Pulaski Tunnel Trail
This trail leads to a mine that was used as a sanctuary during the Great Fire of 1910.
Five miles outside of Wallace, Idaho, lies the Pulaski Tunnel Trail, named after Edward “Big Ed” Pulaski, the hero who led nearly his entire crew of 45 firefighters to safety during the Great Fire of 1910.
In 1910, a huge fire dominated north Idaho. Pulaski and his crew of 45 were on Striped Peak when the blaze erupted, and they knew they had to flee. Pulaski led his men to the Nicholson mine tunnel, where Big Ed ordered the firefighters into the mine shaft on August 20th.
Pulaski told his crew to lie face down in order to have breathable air, rather than heavy smoke. At one point, a man tried to make a run for it, and Pulaski pulled his revolver on him and said, “The next man who tries to leave the tunnel I will shoot.” Naturally, the tunnel was a madhouse, but after about five hours the place had quieted down. Some men passed out, five of whom were never to wake again. The rest survived the blaze, thanks to the actions of “Big Ed.”

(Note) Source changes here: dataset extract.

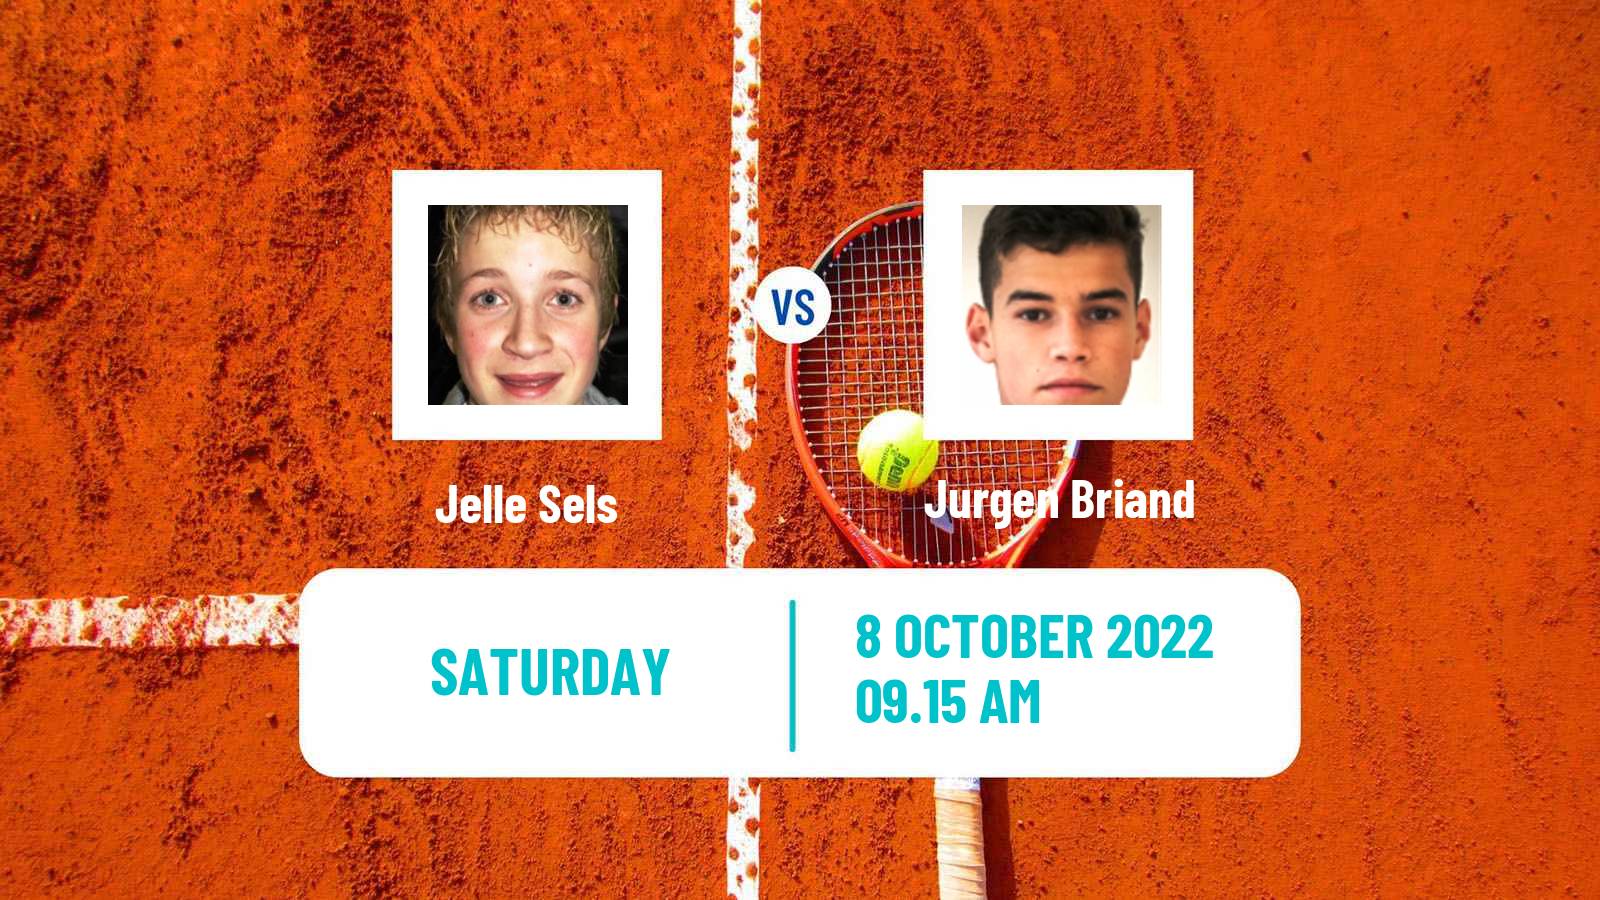 Tennis ATP Challenger Jelle Sels - Jurgen Briand

For decades, the tunnel’s location was lost. In 1979, archaeologist and historian Carl Ritchie was given the assignment to find the mine. After countless hours of research and exploring, he finally discovered its location outside Wallace. The community members raised funds to create a trail to the site, which includes informational signs along the way and a restored wooden gateway to the tunnel. Although it appears burnt and realistic, the arch was crafted after the fact to appear as if it successfully made it through the 1910 fire.
Know Before You Go
The trail is four miles there and back. It is moderately trafficked and dogs are allowed on leash. After hiking for two miles, you will be able to view the Nicholson mine. Although there is no maintained path to the mine entrance, it is possible to walk to it. There is also a metal gate within the mine, preventing people from entering.